A robust framework for characterising diffusion metrics of peripheral nerves: exploiting state of the art tracking methodsĀ 

Arkiev D'Souza1, Chenyu Wang1,2, Sicong Tu1,2, Dominic Soligo3, Matthew Kiernan1,2,4, Michael Barnett1,4, and Fernando Calamante1,5,6
1Brain and Mind Centre, The University of Sydney, Sydney, Australia, 2Central Clinical School, The University of Sydney, Sydney, Australia, 3I-MED Radiology Network, Camperdown, Australia, 4Department of Neurology, Royal Prince Alfred Hospital, Camperdown, Australia, 5School of Biomedical Engineering, The University of Sydney, Sydney, Australia, 6Sydney Imaging, The University of Sydney, Sydney, Australia

Diffusion MRI has previously been used to quantify peripheral nerves; however, traditional post-processing techniques have several limitations. Here, we demonstrate the feasibility of using state-of-the-art diffusion analysis tools to reconstruct and quantify the ulnar nerve of the forearm.
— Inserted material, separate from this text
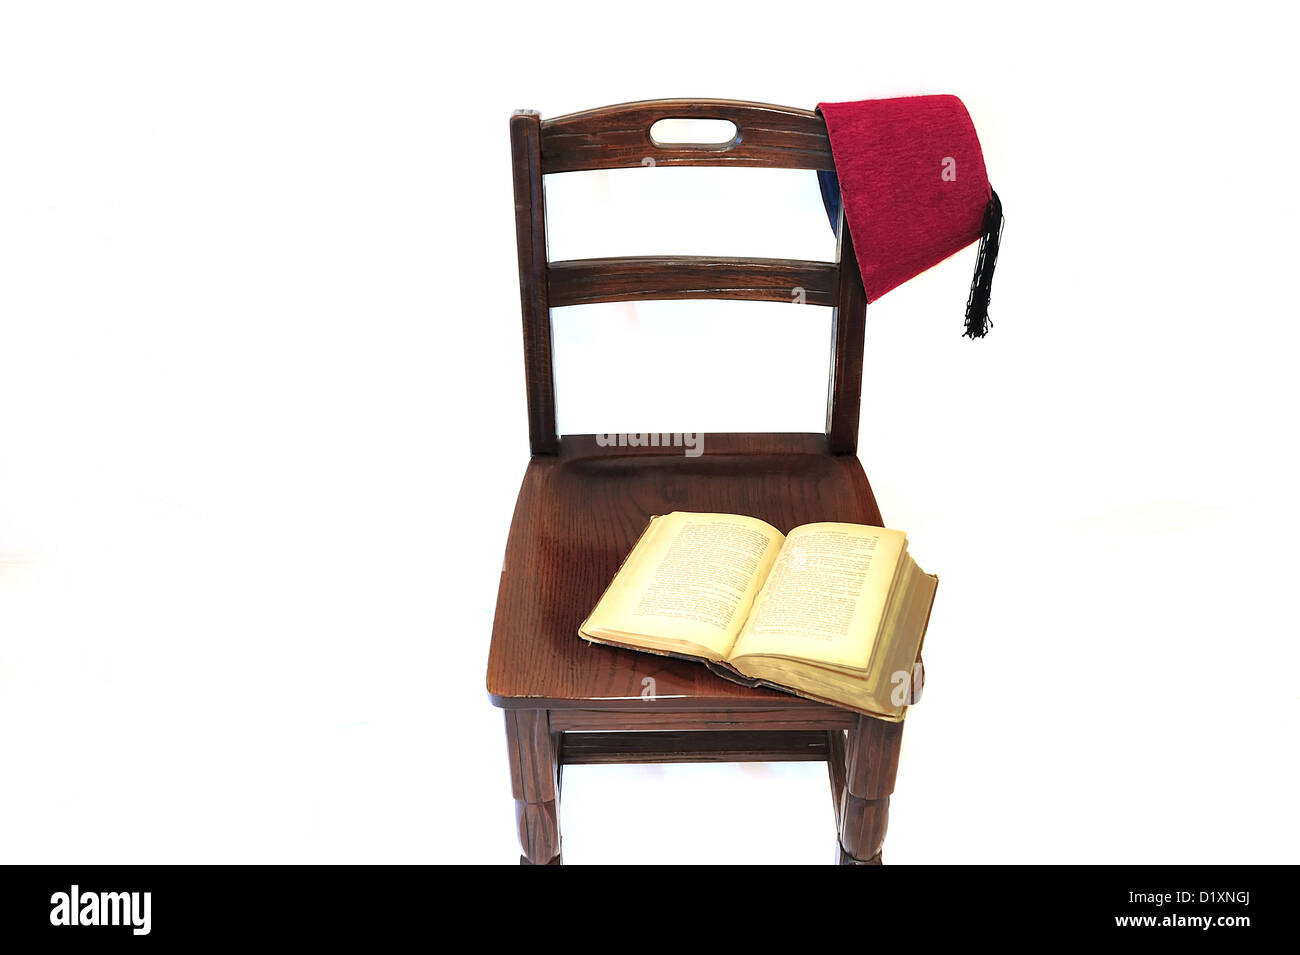 Un vieux livre ouvert laissé ouvert sur une vieille chaise. Un historique du Moyen-Orient (tarboosh) est suspendu à la présidence Banque D'Images

Constrained-spherical deconvolution was combined with probabilistic fibre-tracking to compute several track-weighted measurements in the ulnar nerve. The results suggest that a sample size of 22 would be sufficient to detect a 10% difference in any of the measured track-weighted metrics, and a sample size of 20 would be large enough to detect within-subject differences as small as 3%.